Back inside, I filled my Styrofoam cup with some coffee, mixed in a little powdered creamer, and took a seat next to two women. One woman was shaped like a pear and had a short haircut. I later found out she worked full-time at a fast food joint, on her days off coming down here in her pickup to jump on day-labor gigs. She asked the woman next to her, slightly younger, if she had ever read a book called
The Purpose Driven Life
. The younger woman told her that a friend of hers had actually recommended the book, but for whatever reason she hadn’t gotten around to it. I’d never heard of it, but I liked the title, so added it to my mental book queue.

I stepped outside for another smoke to go along with my coffee, and walked into a conversation as to which prepaid cell phone service was the best, and which ones sucked ass. The lady standing in the center of the group, wearing sweatpants and a hoodie, was leaning up against a car telling everybody about how her mother purchased her one of these prepaid cell phones, so that she could call her and her grandkids whenever she wanted to talk to them, but that she couldn’t afford the prepaid service, so it was useless.

“I live in a hotel, okay? I got that and three kids to feed; food stamps ain’t cutting it, which is why I’m working here so I can make some extra cash. You know, instead of a phone, I could use that fifty bucks to help feed my kids and, like, buy milk.”

I returned to my spot next to the two women inside, the younger one now telling the pear-shaped one all about how “he” grabbed her arms really hard, so hard that he left bruises on them, and after that, he proceeded to bite her real hard in the rib cage area—“that’s a pretty sensitive area, even for a guy”—leaving a deep bite mark, and after biting her, “he just kept on punching me over and over again, and I was like, you are way too controlling.”
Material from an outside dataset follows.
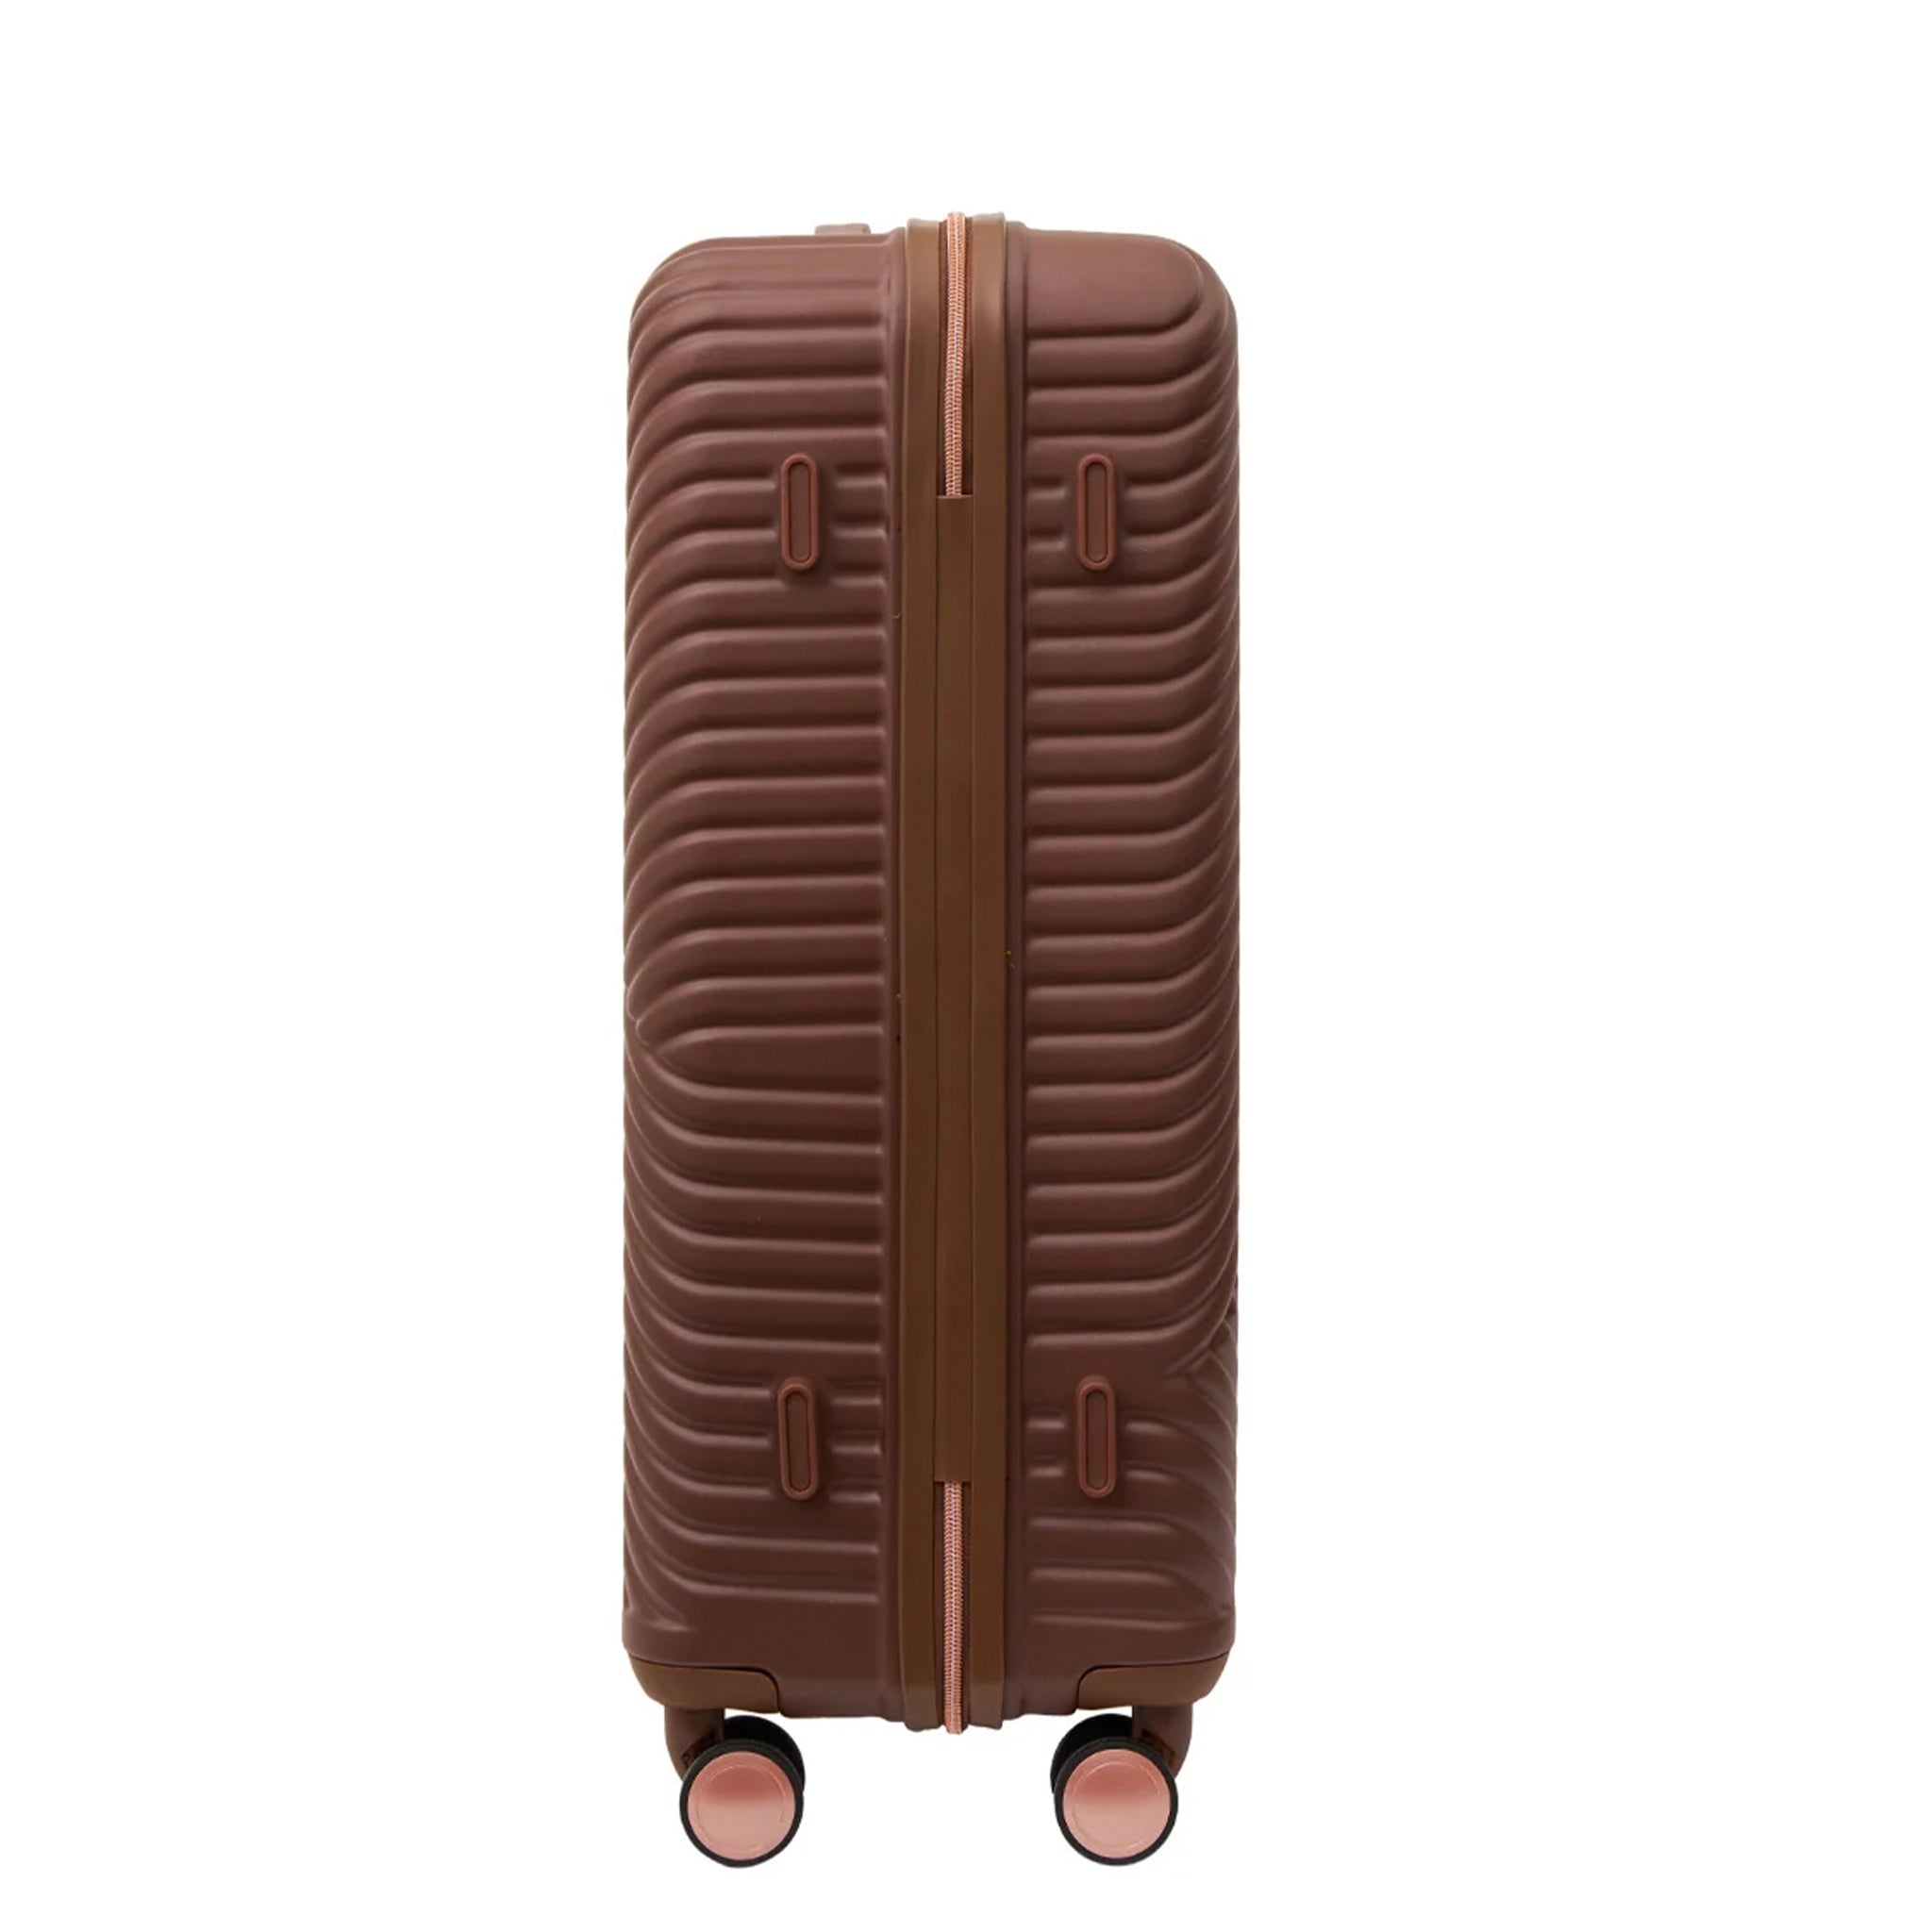 Saben Suitcase Set of Cabin, Medium, Large - Nutshell

I looked up at the clock. It was getting close to game time, so I wandered back outside over to the bus stop where the guy I worked with was still entertaining the crowd, to let him know that it was time for us to go. Surprisingly, he remembered my name. “Hey, Colby, you ready for another fucking day of bullshit or what?”

Amazed that he remembered my name, I enthusiastically told him that I was. I had forgotten his name. I remembered what the guy I met in Green River, Wyoming, had told me about people here in the middle of the country remembering names.

Once we’d received our time cards and stepped outside, I told him I was parked around the corner. When we got closer to the Caliente, he said, “Shit man, this is yours?”

I told him it was, and he got excited, especially when he saw the California plates. He asked if it was a California car, and I told him that I had driven her all the way here. When he got inside he commented that it smelled like it had been stored in a garage for years; I was amazed that the guy could still smell, since he smokes about a carton a day. As I started the car up, I told him that I had purchased it off a guy who claimed to have gotten it from his grandfather, the original owner.

Since he knew the town better than I did, I asked him for directions to where we needed to be. He told me to make a left at the stop sign. I paused—I didn’t want to make a left.

All my life I’ve liked to wear muted monotone colors, blacks and grays. Aside from acknowledging that you can’t tell when they’re dirty, I had never thought anything of this color scheme of mine other than how I liked the way those tones looked on me, until my sister brought it up. She said I liked wearing “depressing” colors because I don’t like to draw any attention to myself, that people who wear bright colors are more confident. She mentioned that I needed to wear brighter colors more often, which I ignored. A left turn would mean that I would have to drive right in front of the vehicle-less people standing around the agency. Well, this was the direction we had to go. What were the chances that the people outside would notice us driving by?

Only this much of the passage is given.